Ambassador of Morocco to Nigeria
- Incumbent
- Assumed office 2016

Ambassador of Morocco to Poland
- In office 2008–2013

Ambassador of Morocco to Senegal, the Gambia, Cabo Verde and Guinea Bissau
- In office 2003–2008

Personal details
- Born: 9 January 1954 (age 72) Ifrane, Morocco
- Children: 3
- Alma mater: École nationale d'administration

= Moha Tagma =

Moroccan diplomat (born 1954)

Moha Tagma (born 9 January 1954) is a career diplomat who served as the ambassador of Morocco in different countries, including Poland and Senegal. He has been the ambassador of Morocco to Nigeria since 2016.
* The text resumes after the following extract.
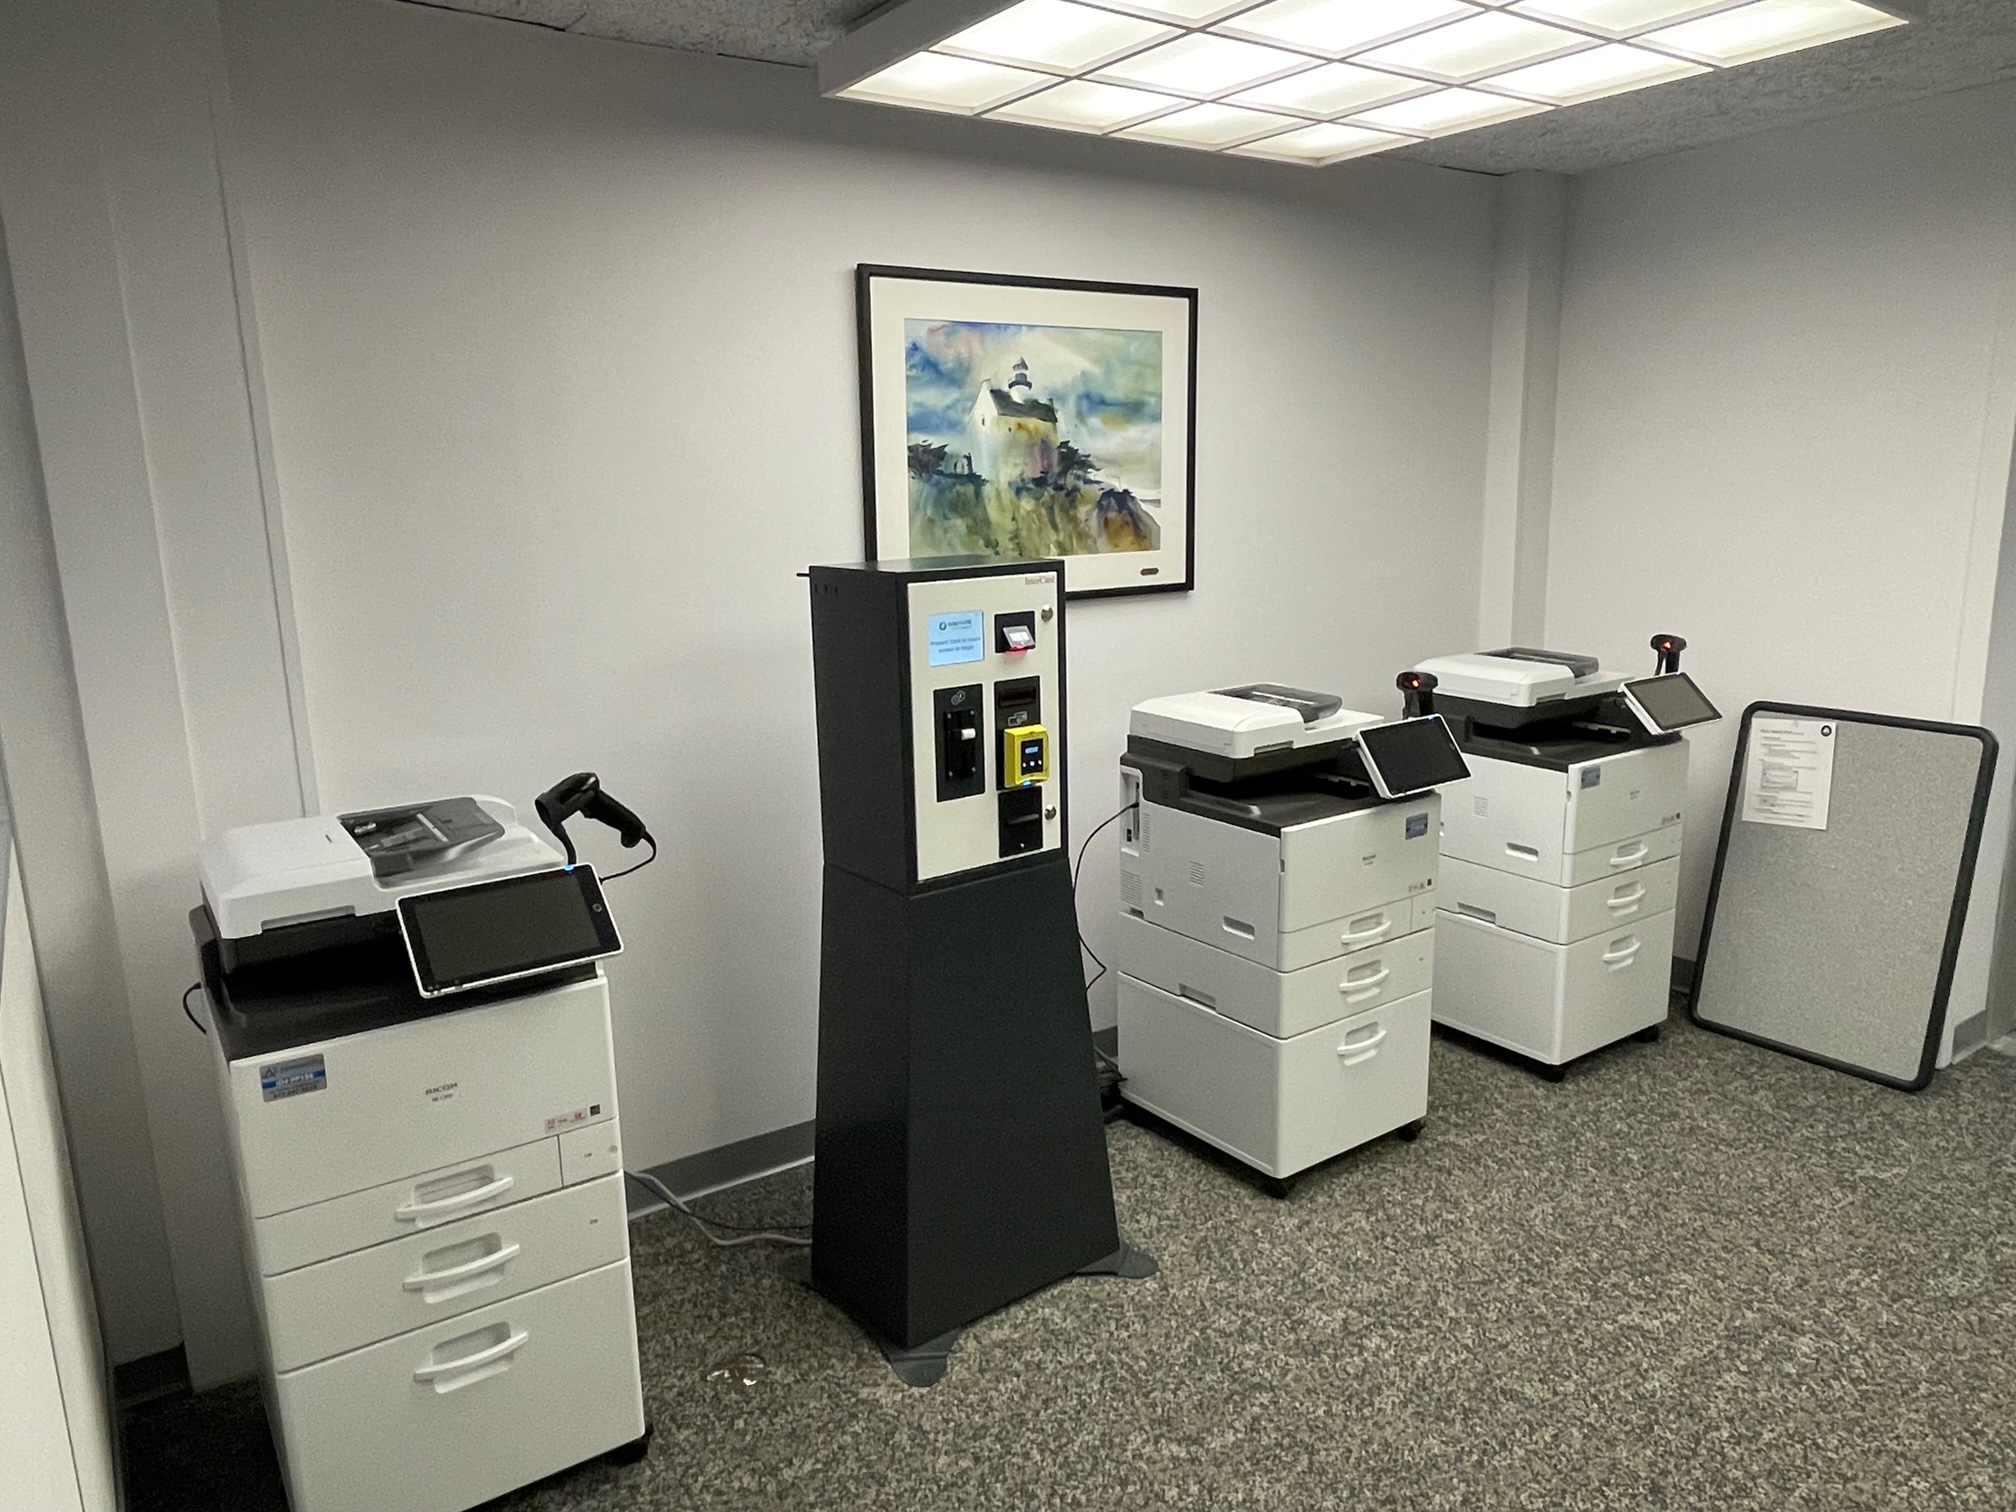 New copiers/printers - 6/2/2022

==Early life and education==
Tagma was born in Ifrane on 9 January 1954. He received a degree in political sciences and then graduated from the École nationale d'administration in Paris, France.

==Career==
Following his graduation Tagma joined the Ministry of Foreign Affairs in 1981 and held various diplomatic posts, including chargé d'affaires of Morocco in Equatorial Guinea (1983–1987) and chargé d'affaires of Morocco in Gabon (1987–1989). He was appointed to the Permanent Mission of Morocco in Geneva in 1990 where he served until 1998. Between 2003 and 2008 he was the ambassador of Morocco to Senegal, with concurrent accreditation to the Gambia, Cabo Verde and Guinea Bissau. He was appointed ambassador of Morocco to Poland in 2008 and served until 2013 when he was named as the head of the African Affairs Department at the Ministry of Foreign Affairs. In 2016 he was appointed ambassador of Morocco to Nigeria. In September 2020 Tagma was named as a member to the Organisation internationale de la Francophonie delegation to support the restoration process of democratic institutions in Mali.

==Personal life==
Tagma married Anissa Jabari on 2 August 1980. They have three children.